Signal transduction mechanisms that regulate the development and structural plasticity of excitatory synapses

Activity and experience-dependent and independent alterations of the strength and structure of individual synapses contribute to the formation of neural circuits during brain development and underlie storage and processing of information in the brain. These functional and structural changes of synapses, collectively referred to as synaptic plasticity, are essential for many aspects of behavior, including learning and memory.

Dendritic spines are tiny protrusions of dendrites and are the sites of most excitatory synapses in the brain. They represent the postsynaptic compartment of excitatory synapses and contain the machinery required for plasticity. Spines control synaptic function by providing chemical compartmentalization, which is important for input-specific plasticity, and confer dendrites the ability to actively participate in synapse formation. Changes in the number, structure, and protein composition of spines in the developing and adult brain have been of great interest recently because they are essential for brain wiring, neural circuit formation and refinement, and experience-dependent plasticity. Moreover, defects of spine plasticity are associated with mental retardation, autism, drug addiction, neurological disorders and mental illness.

Our laboratory is interested in the molecular mechanisms that regulate the development and structural plasticity of excitatory synapses. We focus on signal transduction mechanisms which link synaptic receptors, such as those for neurotransmitters (glutamate, serotonin, dopamine), trans-synaptic signaling and adhesion molecules (ephrins and their Eph receptors, cadherins), and growth factors, to the actin cytoskeleton. Central regulators of these pathways are small GTPases related to Ras (Ras, Rap, Rac, Rho).

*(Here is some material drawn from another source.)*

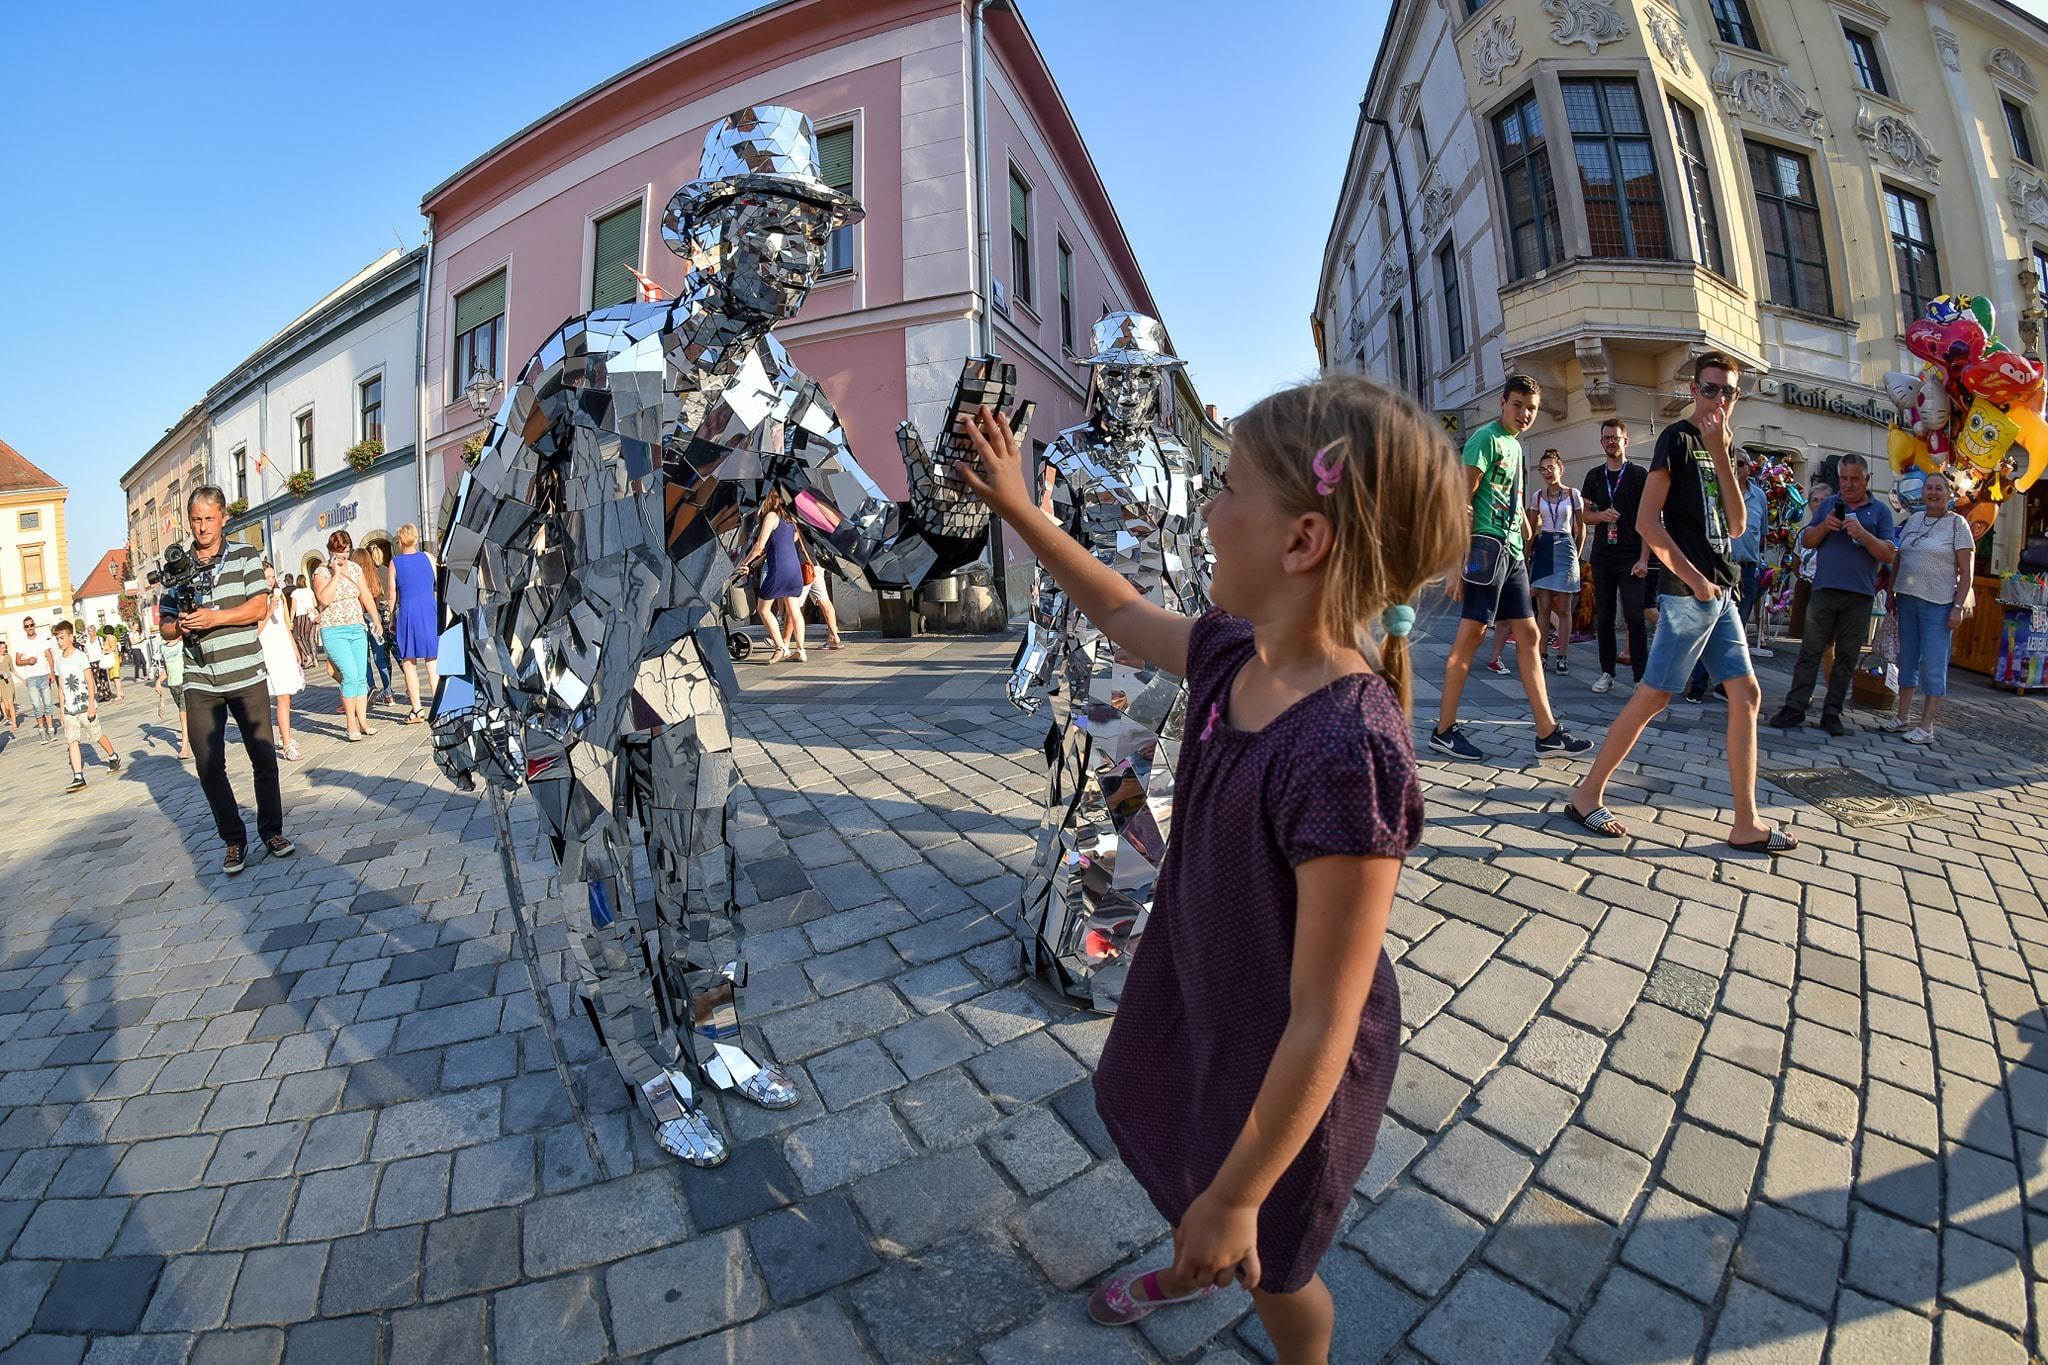 Špancirfest: Varaždin prepares for its biggest annual event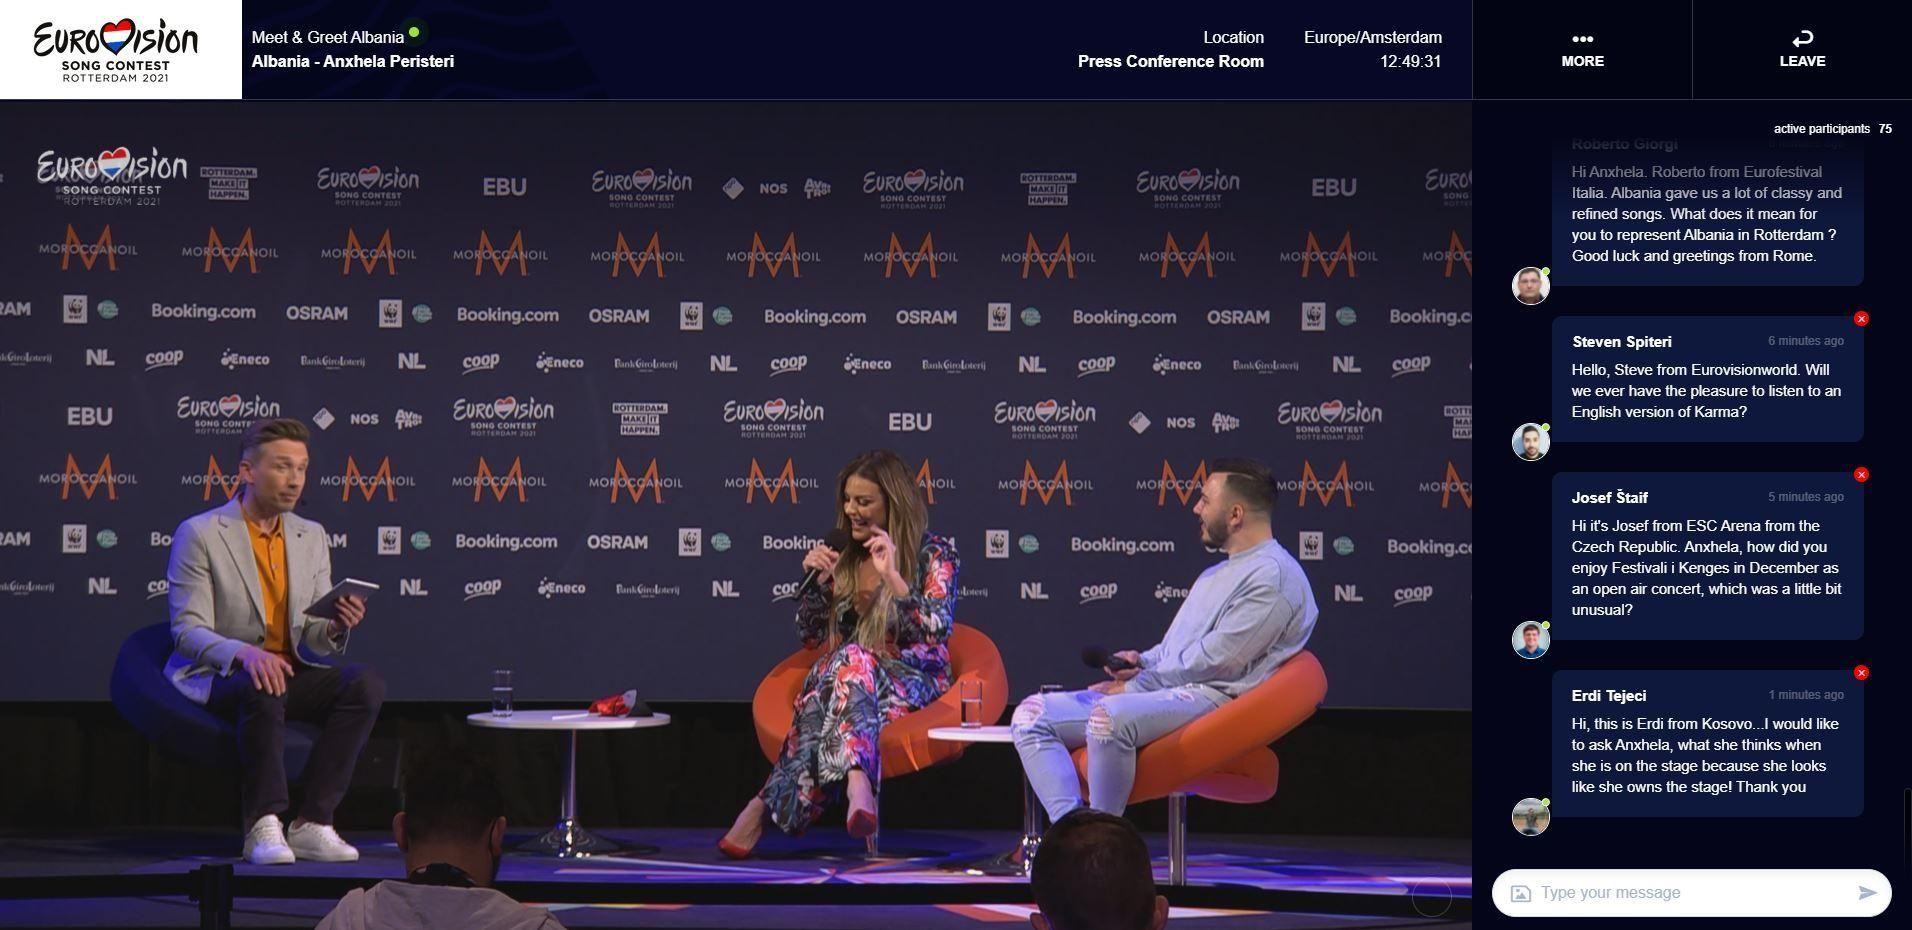 Eurovisie Songfestival virtual pressroom 2021

Some of these signaling mechanisms are important in synapse formation and maturation. One such signaling pathway we discovered starts with the activation of postsynaptic EphB receptors by their presynaptic ligands, B-type ephrins. EphB activation induces phosphorylation and plasma membrane recruitment of the brain-specific Rac guanine-nucleotide exchange factor kalirin. Kalirin activates Rac, which in turn activates PAK kinase, and ultimately regulates actin cytoskeletal rearrangements that result in spine proliferation and maturation.

Activity-dependent structural changes in synapse are important for circuit refinement during development and in structural encoding of information. We recently discovered a signal transduction pathway that regulates activity-dependent structural changes in spines and coordinates them with glutamate receptor content and potentially with synapse function. This signaling cascade is initiated by the activation of synaptic NMDA-type glutamate receptors which results in the activation of the small GTPase Rap. Rap acts as a bimodal molecular switch that coordinates synaptic structure and function: activated Rap induces spine neck elongation and a reduction of AMPA-type glutamate receptors in these spines; inactivation of Rap results in the formation of large spines rich in AMPA receptors. The effects of activated Rap on spine structure are mediated by the recruitment of the PDZ domain-containing protein AF-6/afadin to the plasma membrane.

Our long-term goal is to discover novel synaptic signaling mechanisms, and to evaluate their role in controlling neuronal form and function, neural circuit formation and function, and behavior and cognition. Such mechanisms are also likely to be associated with drug addiction, neuropsychiatric disorders (schizophrenia, depression, Alzheimer’s disease, eplilepsy, HIV encephalitis) and neurodevelopmental disorders (mental retardation, autism, Rett syndrome, Down syndrome), and could yield potential targets for treatments of these conditions.

We employ molecular, biochemical and cell biological methods, confocal microscopy and time-lapse imaging of neurons, and genetic approaches to identify and characterize novel molecular mechanisms of synapse development and structural plasticity.